-- Material shown follows --

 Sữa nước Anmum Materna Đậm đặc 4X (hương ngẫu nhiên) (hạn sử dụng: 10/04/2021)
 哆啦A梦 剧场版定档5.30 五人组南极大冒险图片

-- Material shown concluded --
-- Material shown follows --

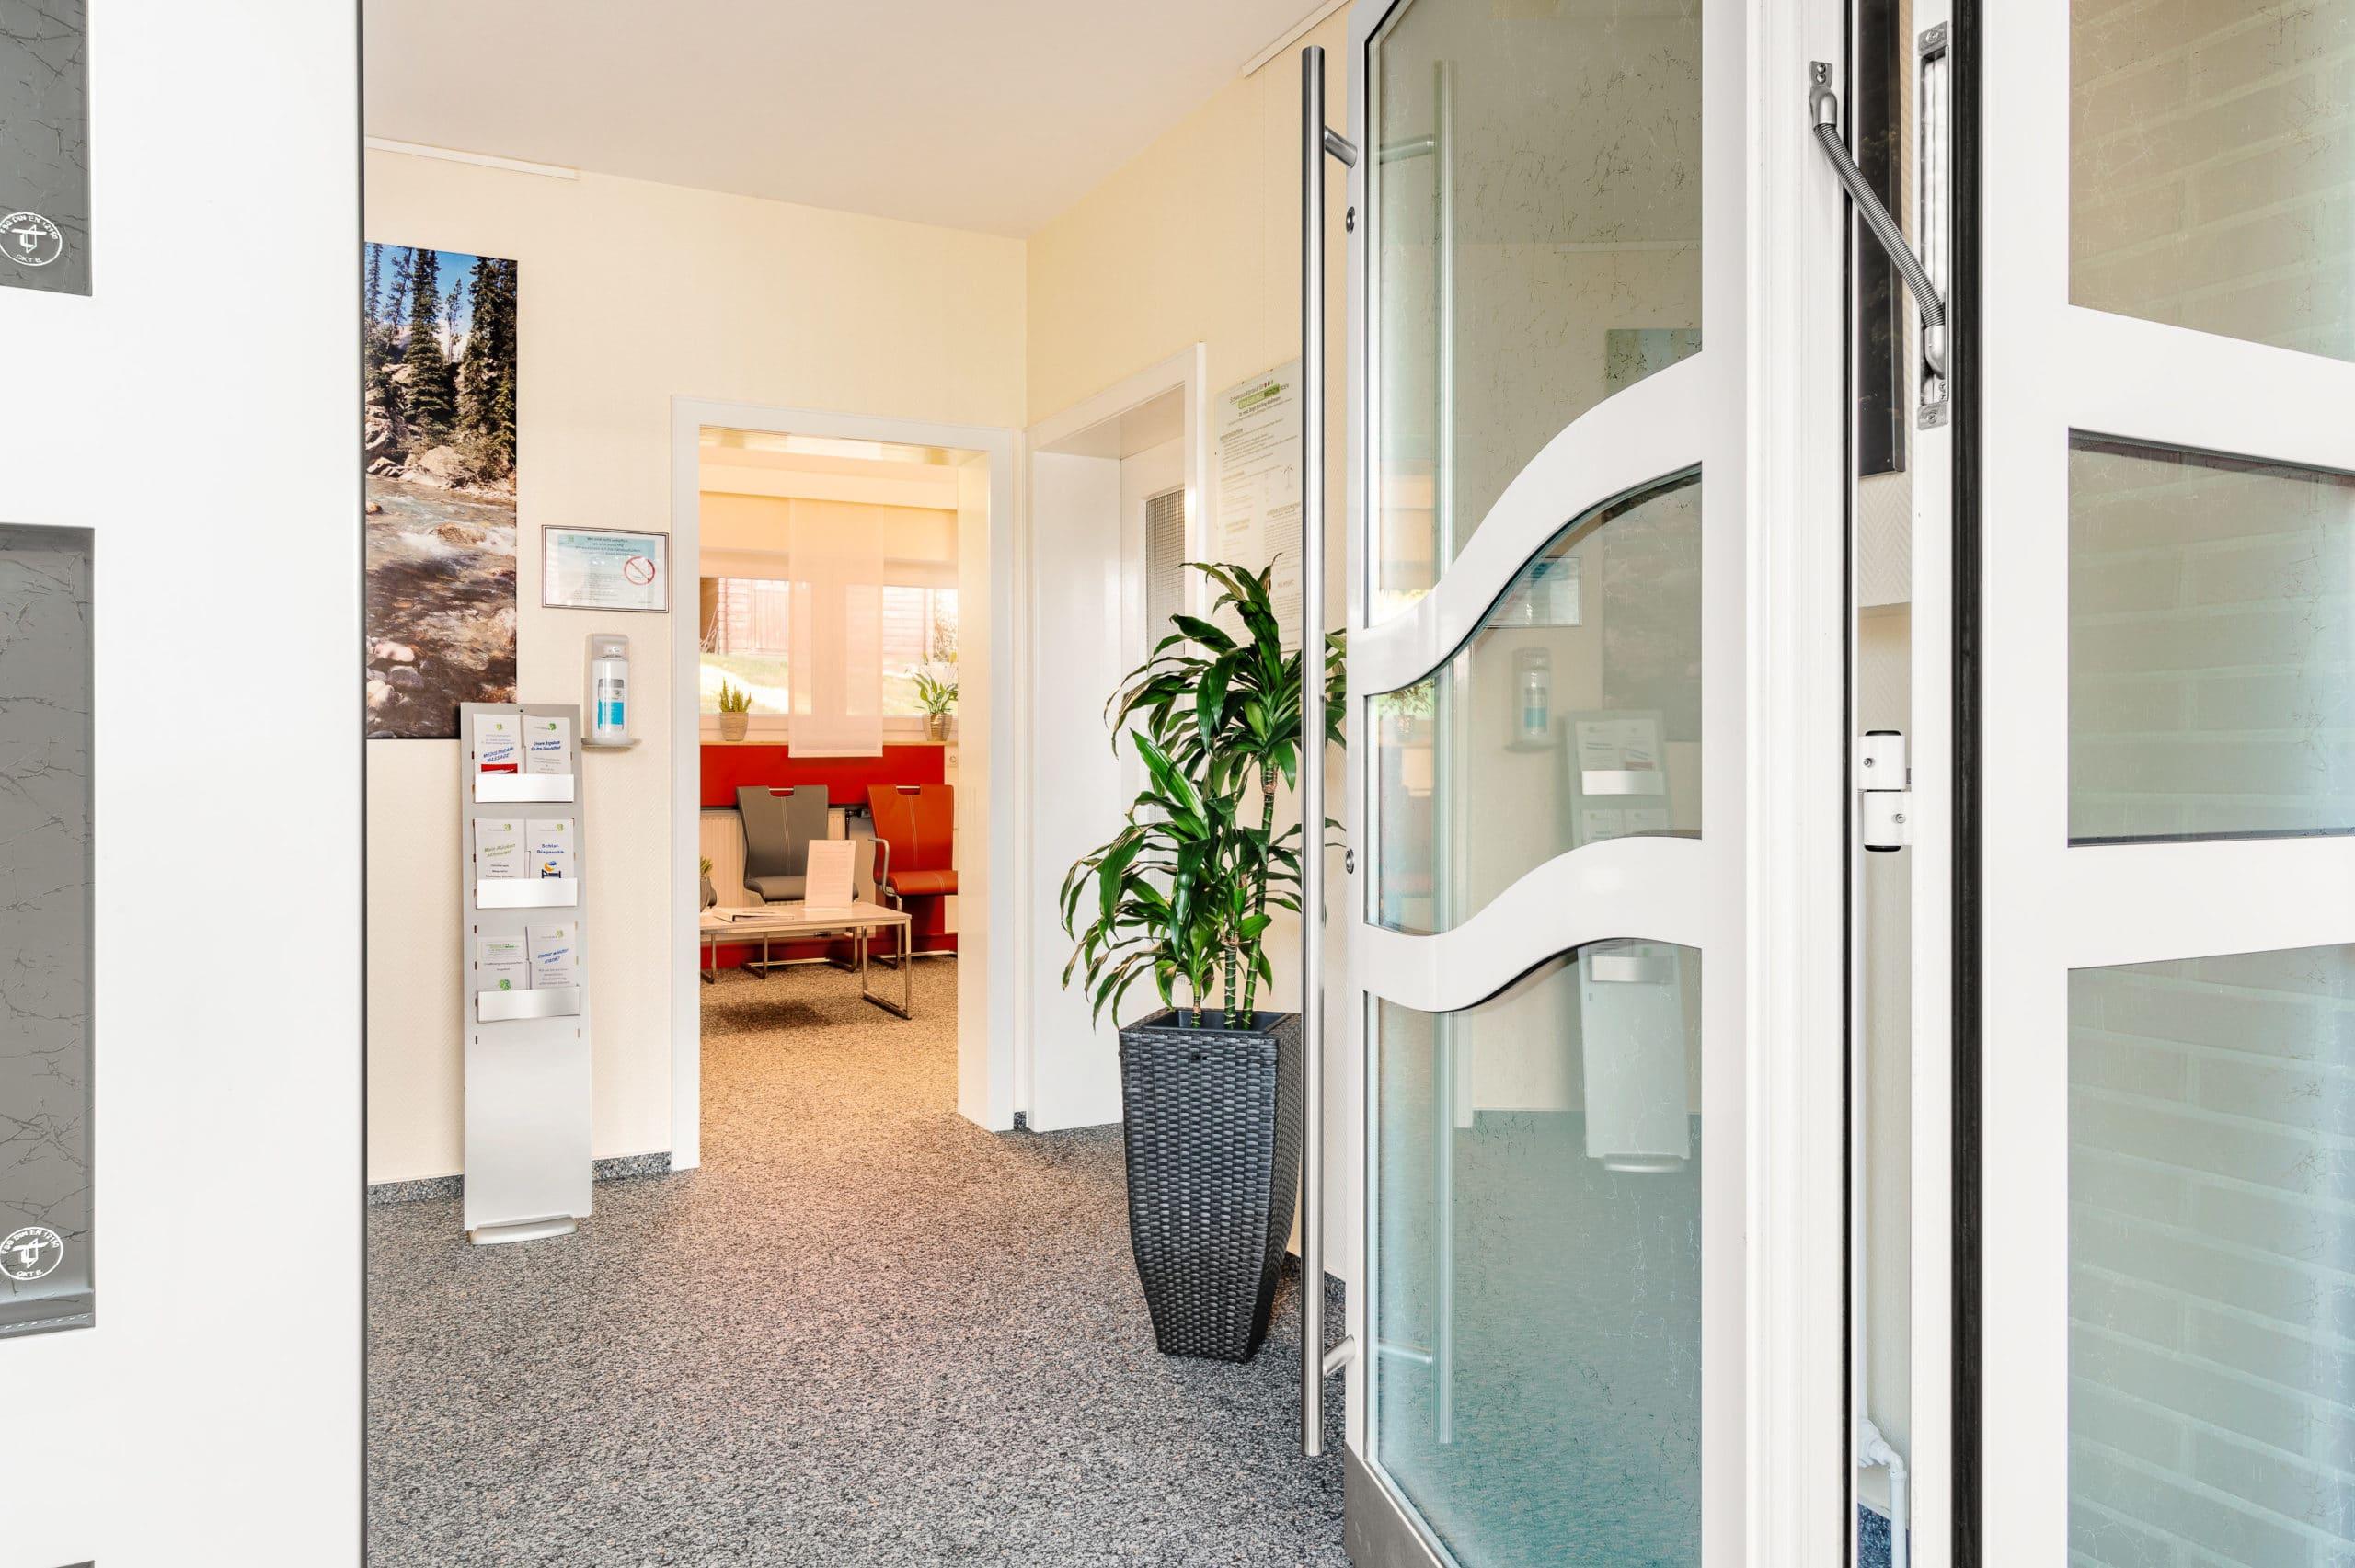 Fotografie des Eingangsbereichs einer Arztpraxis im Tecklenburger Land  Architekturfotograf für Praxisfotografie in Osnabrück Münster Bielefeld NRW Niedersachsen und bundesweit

-- Material shown concluded --
-- Material shown follows --

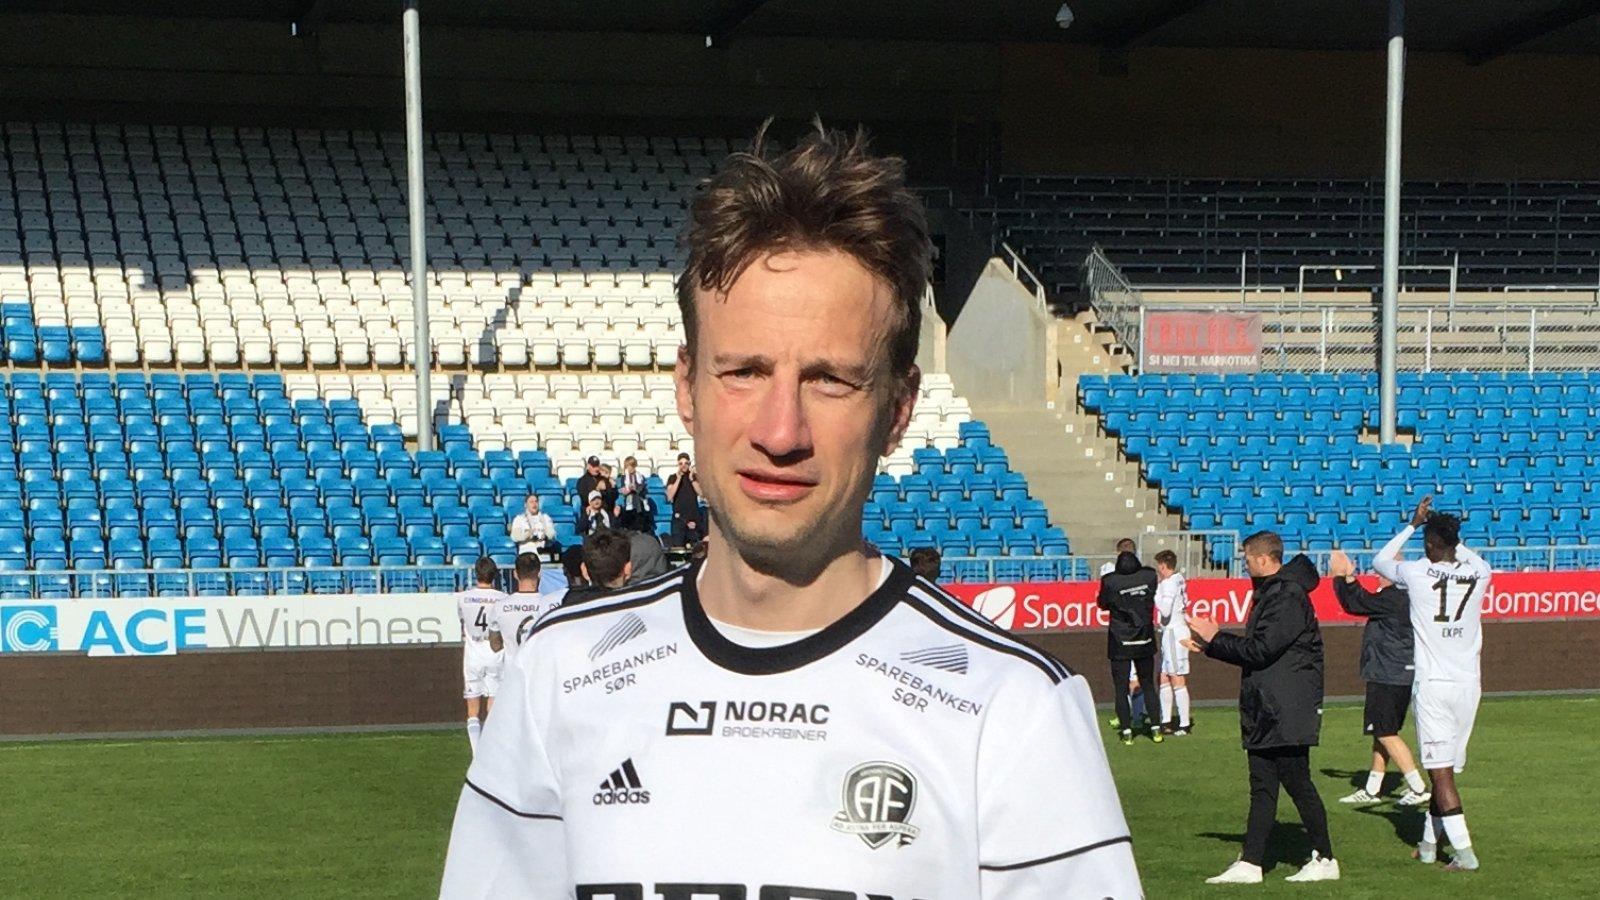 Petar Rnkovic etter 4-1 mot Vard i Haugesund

-- Material shown concluded --

* Task requirements
Among the entries above, find the line with "Sữa nước Anmum" and the line with "哆啦A梦 剧场版定档5.30 五人组南极大冒险图片"; give again exactly these two lines and all lines between them.

* Result
 Sữa nước Anmum Materna Đậm đặc 4X (hương ngẫu nhiên) (hạn sử dụng: 10/04/2021)
 哆啦A梦 剧场版定档5.30 五人组南极大冒险图片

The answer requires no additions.